KR20120012367A - Portable ocular light therapy device - Google Patents

Abstract

PURPOSE: A portable ocular light therapy apparatus is provided to enhance total efficiency of collecting and utilizing lights. CONSTITUTION: A portable ocular light therapy apparatus comprises: a base board(11); arrays of LEDs(12) mounted on a surface of the base board; arrays of Fresnel lens(13) located on the array of LEDs; and housings which have openings. Each of the LEDs attached to the surface of the base board has light emitting angle from 60degree to 130degree. The base board is a printed circuit board. The wavelength of emitted light from LEDs is from 400nm to 800nm.

Description

PORTABLE OCULAR LIGHT THERAPY DEVICE

The present invention relates to a light therapy device, and more particularly to a portable ophthalmic light therapy device for the treatment of light deficient disorders.

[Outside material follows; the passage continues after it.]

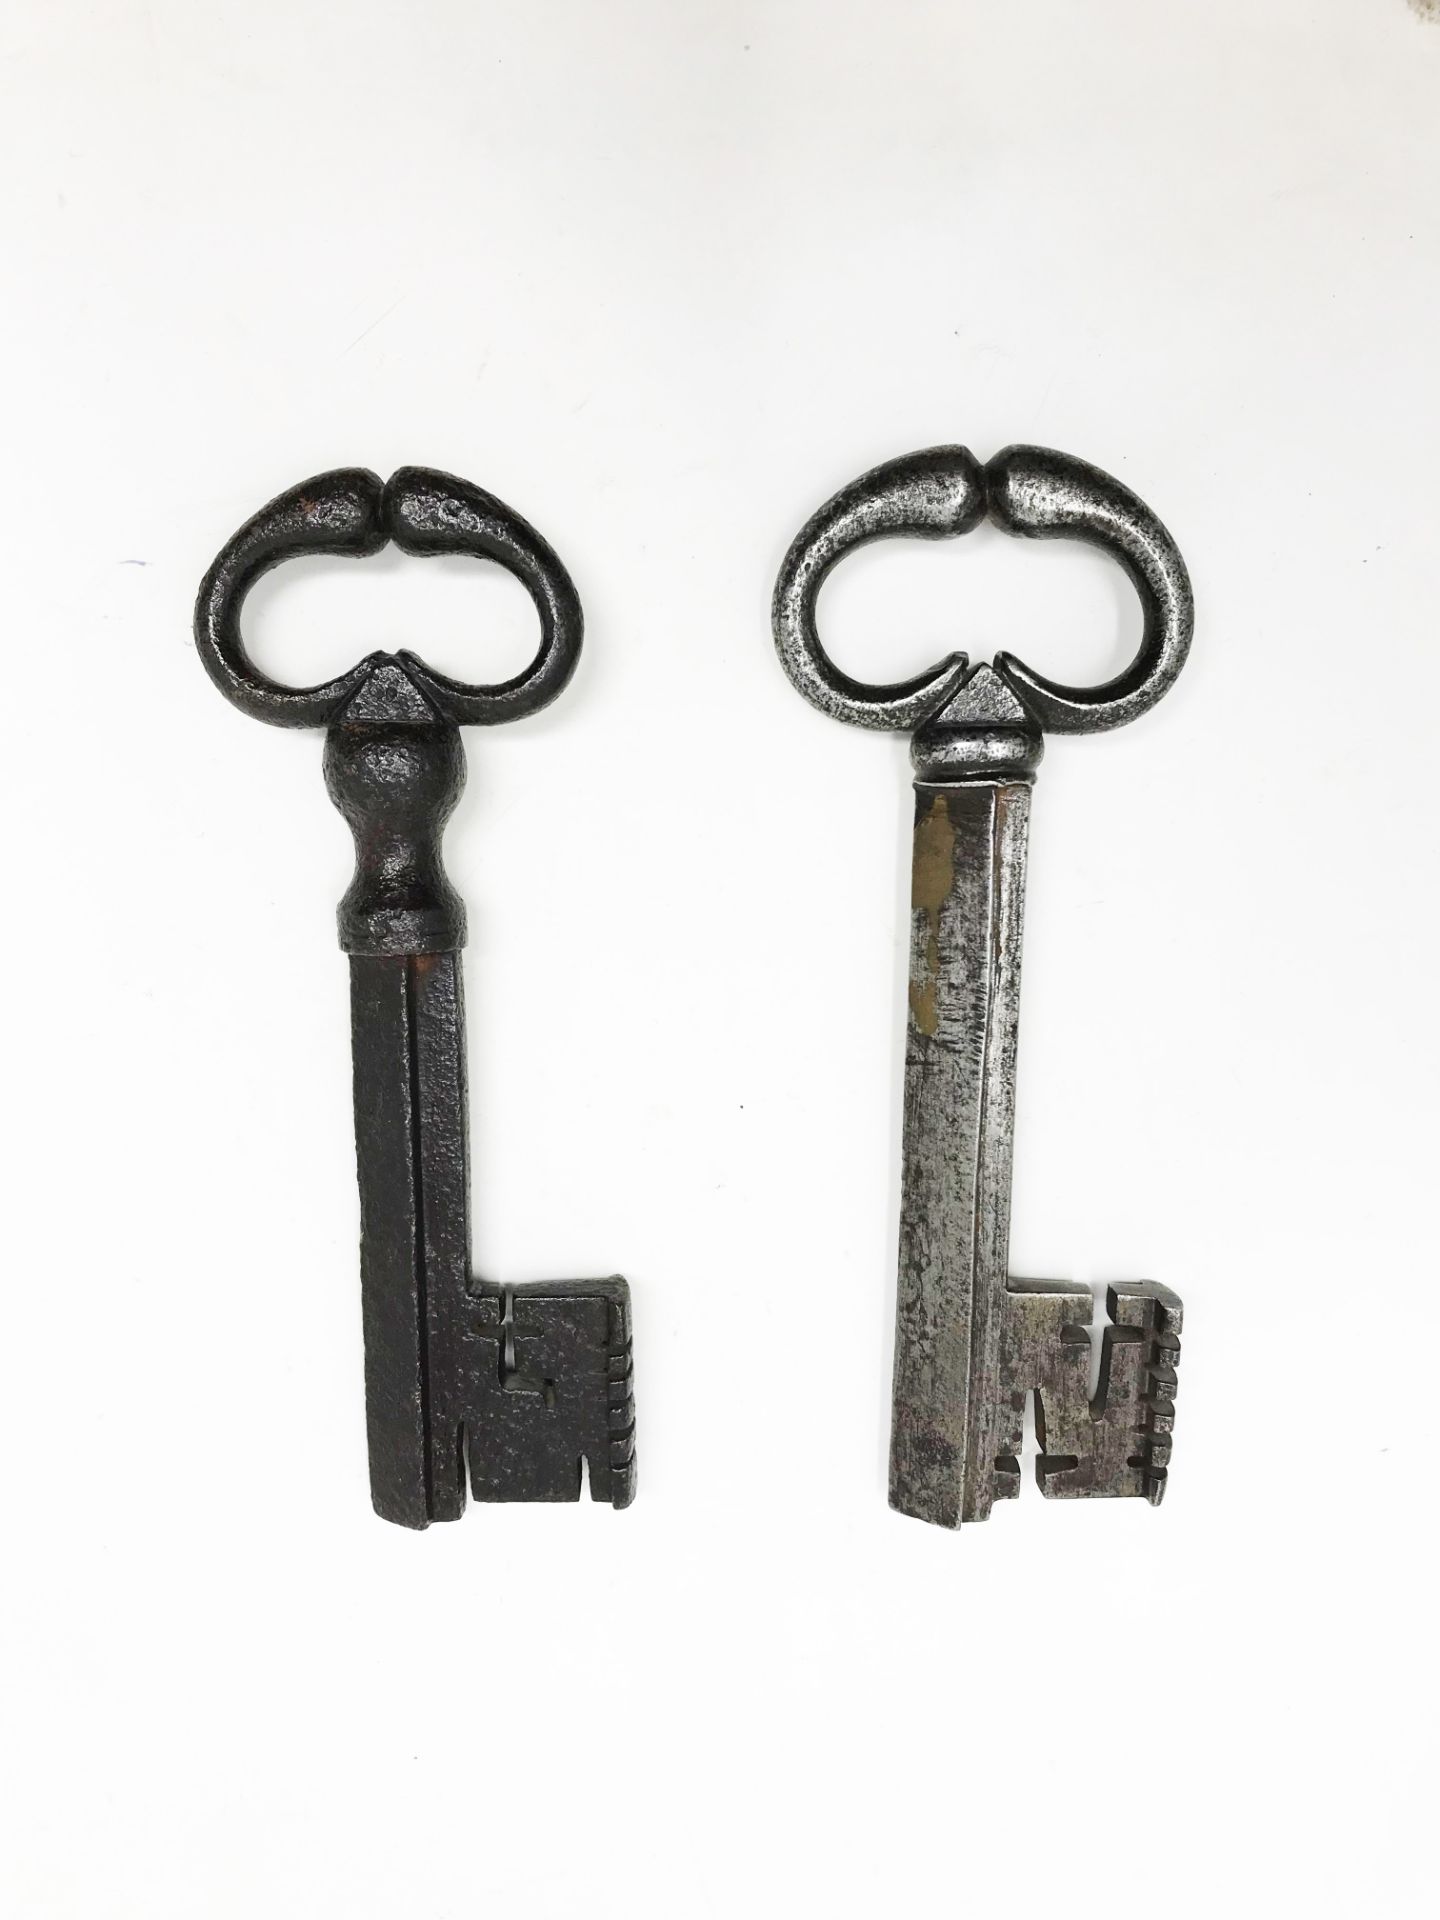 Two keys with frog's legs rings13, 82 - 14, 28 cmPart of the chapter "From Enlightenment to

It is estimated that up to 30% of Western Europeans and North Americans suffer from seasonal depression (SAD) (a form of major depression) or mild winter blues during the winter months; The proportion of these patients is thought to be low in China, but still stands out. On the other hand, millions of people in China and around the world suffer from the destruction of their internal circadian rhythms ("internal clocks"), not only due to shifts, jet lags, but also various sleep disorders. In addition, myopia as well as cognitive and learning skills ("only visible") are important health issues for hundreds of millions of children and adolescents in China and around the world, while millions of adults have chemotherapy-related chemotherapy. various types including -related fatigue, postpartum and postpartum depression, post-traumatic stress disorder (PTSD), attention deficit hyperactivity disorder (ADHD), anxiety disorder, and obesity Gets sick. The researchers note that these health problems and medical disorders, as well as other health conditions not listed here, are induced, in whole or in part, due to our modern lifestyles not being properly exposed to bright sunlight every day, and consequently I think it will interfere with our internal clock.

The researchers found that effective methods for the treatment of the aforementioned disorders and health conditions, as well as other health conditions not listed herein, extend the daily exposure time to exposure to bright light, and / or to bright light at specific times. Appropriate exposure has been revealed, which has led to the development of corresponding phototherapy devices. For example, US Pat. No. 6,875,225 discloses a light therapy device for treating light deficiency disorders, which is small in size and light in weight and therefore portable, especially ocular light therapy, i.e. treatment with bright light entering the eye (which Having biological, physical and / or psychological therapeutic advantages. In US Pat. No. 6,875,225, the light therapy device uses a plurality of light emitting diodes (LEDs) as a light source. Indeed, most LED eye light therapy devices provide a uniform and more comfortable (less shiny) light source, including an array of Fresnel lenses and a diffuser, wherein the light emitted from the LEDs is After collimating through an array of Fresnel lenses located above, it is diffused by a diffuser located above the array of Fresnel lenses.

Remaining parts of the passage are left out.